The filing entity must file the BEFIT information with the filing authority (the competent authority of the Member State in which the filing entity is resident or, where it concerns a permanent establishment, is situated). A “BEFIT team”, composed of representatives of each relevant administration, will examine the completeness and accuracy of the BEFIT information return. Each BEFIT group member will file its individual tax return with the competent authorities in which the group member is resident or is situated. Where required, the competent authority will issue an amended tax assessment. The proposal also encompasses rules on appeals, statute of limitations, disclosure of information and penalties.
Meijburg & Co comments
This is the third attempt by the European Commission to harmonize the corporate income tax base. The first attempt was the 2011 proposal for a Common Consolidated Corporate Tax Base (CCCTB). In 2016, the European Commission proposed a two-step approach (including a first step for the harmonization of the tax base, and a second step for the consolidation and apportionment of the results). It now seems that the European Commission is trying to seize the (perceived) opportunity created by the introduction of Pillar 2. Similar to Pillar 2, the tax base calculation is based on the financial accounts, with some exceptions.

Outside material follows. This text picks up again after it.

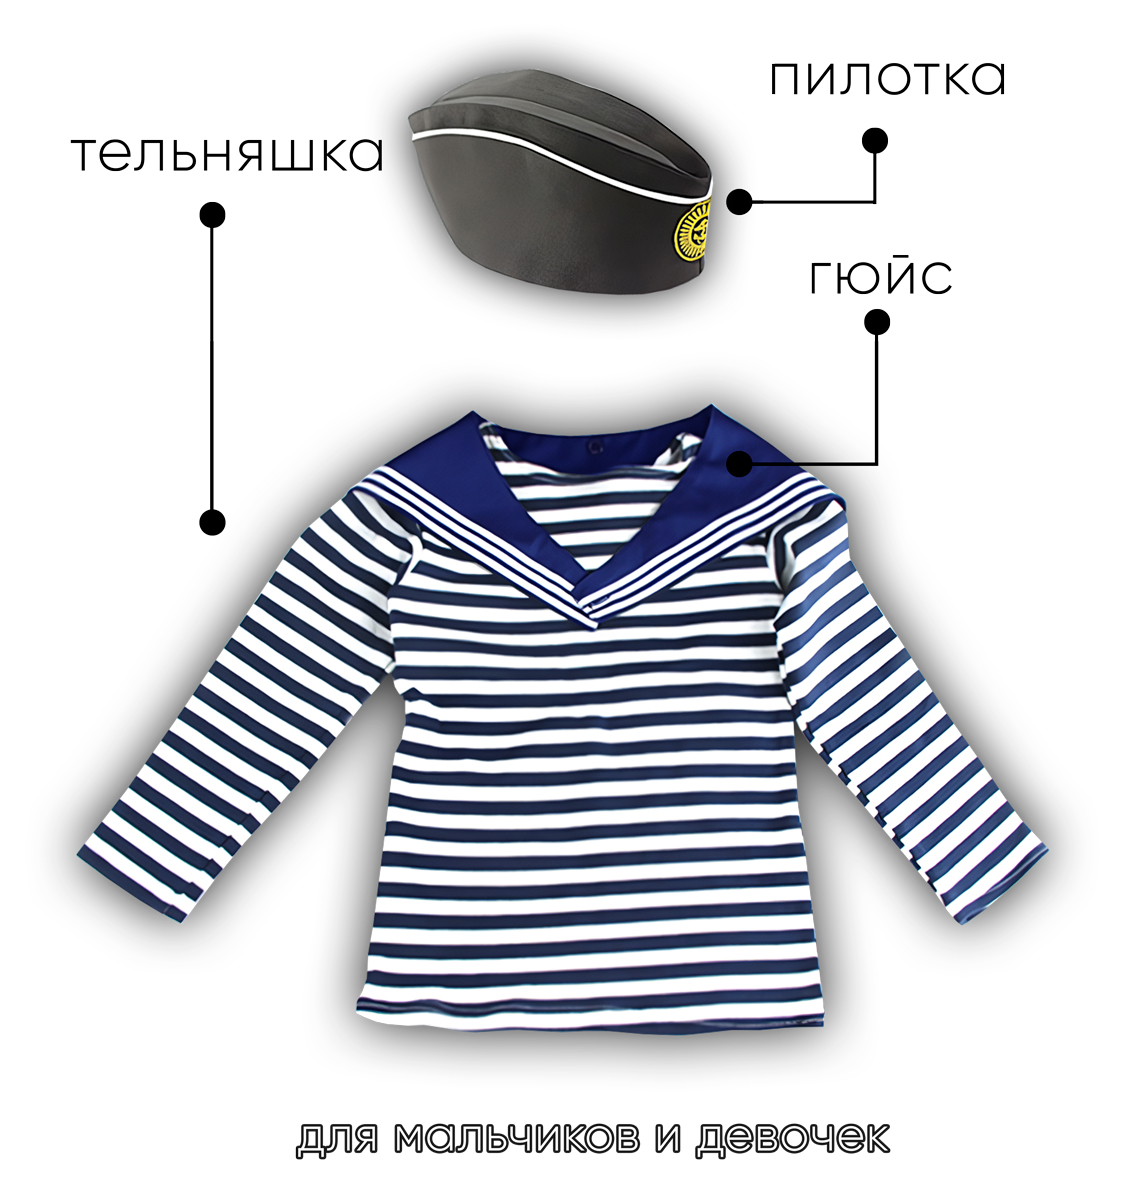 Детский набор матроса для утренника (тельняшка: 32 размер, пилотка детская: 56 размер (на рост 128-134, до 9 лет) и гюйс детский синий)

The main difference between the two is the aggregation of profits and losses, which effectively result in cross-border loss compensation. This mechanism differs from the mechanism of Pillar 2, which is based on a jurisdictional approach, and bears the risk of undertaxation under Pillar 2, resulting in the levy of top-up tax. There is no indication whether and how this effect – which might considerably impact the attractiveness of BEFIT – will be dealt with.